We are on our way to Baylor again in the morning. There is still an abscess and hopefully they will just put in a drain again. I am praying he doesn’t have to have abdominal surgery. There are some other issues that we need to address while we are there this time and as much as I hate being there I will try to make Dale stay til he is really ready to come home. I think we came home too soon the last time.

I am taking a laptop with me this time and will spend some time playing with linux. So far I am very impressed. I know that there is a lot to the nuts and bolts of installing linux to begin with that I have no clue about. Once it is installed though it is wonderful! I have been able to surf the net, check email, install applications, create a few spreadsheets in OpenOffice, and listen to my music on it. I intend to spend some time learning a little more about the gnu graphics app gimp and maybe playing with Scribus a little while we are in the hospital. I don’t have wireless yet but I can get on the internet in the health sciences library at Baylor and I will have my jump drive with me. I also saved some webpages to it today so I could read them later. It pops up and tells you when there is an update and goes about it’s business without bothering you a bit. I plan to write some posts for my blog and then upload them later. It recognized my jump drive immediately and my mouse as well. So far – big thumbs up!

Smacked Upside the Head

It has been an incredibly long day and we are back home from the hospital temporarily. I have already cooked tomorrow’s supper and I’m going to get in a quick post before I become unconsious. I was reading one of my favorite blogs tonight and the post was about sharing creative thinking as opposed to hoarding it. As I read it I felt like I had been smacked upside the head. In everything – staff development at work, the medical community, our city council, even my personal life – change doesn’t come about because of something we do – it comes from a change in thinking. We are so busy “doing” these days that we are not paying attention. We are each stuck in our little narrow path and while the corporate world may want to hoard ideas and information, I think the majority of us just don’t take time to HAVE ideas much less share them. This isn’t a new lesson for me – a friend used to have a saying that went “I can’t always change my situation, but I can always change my attitude towards my situation.” We don’t have to think most of the time to get through our job, our day, our lives. It’s a gift we should give ourselves as frequently as possible. For myself, I know that most of the mistakes I make in my life are from spur of the moment, emotionally driven actions – no thought involved there. I know I drove home from Dallas today on autopilot – nearly a hundred miles of non-thinking. If you were on the highway coming from Dallas this afternoon, that realization should give you pause. I’ll think about that tomorrow.

Again

We are headed back to Baylor in the morning and we don’t even want to think about it so just know that we will pull it together and do what we have to do but other than that it just sucks.  The vacuum cleaner lives by the way – if you read my last post you know I was premeditating murder.  I got it fixed – I rock.

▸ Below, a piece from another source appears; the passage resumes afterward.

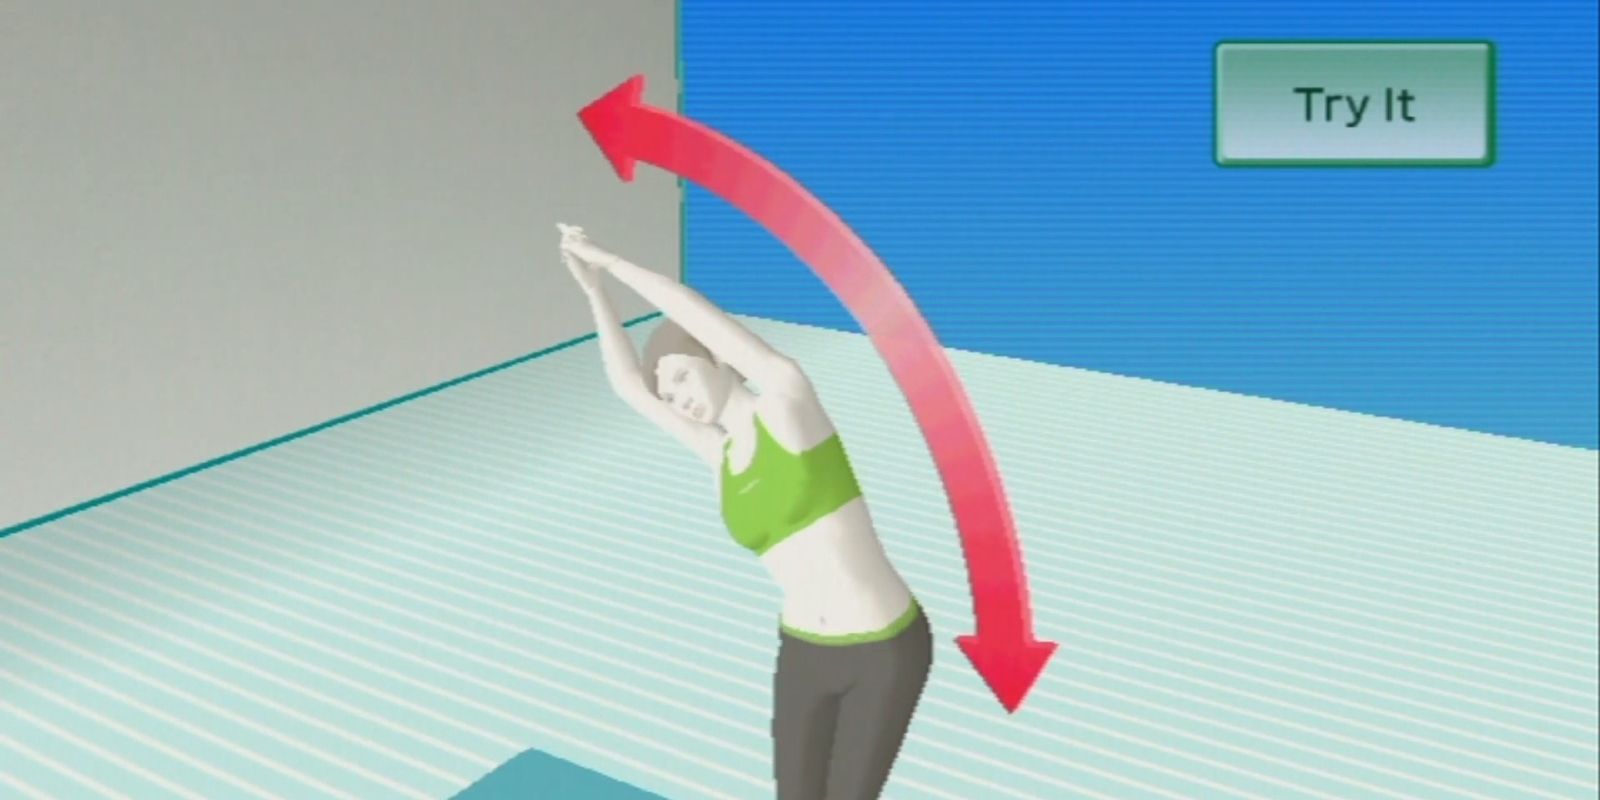 Wii Fit Trainer ensinando ao jogador uma pose de exercício no Wii Fit Plus

Another Day, Another Project

Last night was Dale’s first night back on dialysis at the center and right now he is so weak that dialysis just kicks his butt.  He had a low grade temp and his blood pressure was high so we were up til midnight just checking his temp and praying we were not headed back to Baylor.  He feels better this morning but we will watch his temp closely.  We are hoping that it is just dialysis having this effect and that it will get better if we can get him built up some.  We need a little break here.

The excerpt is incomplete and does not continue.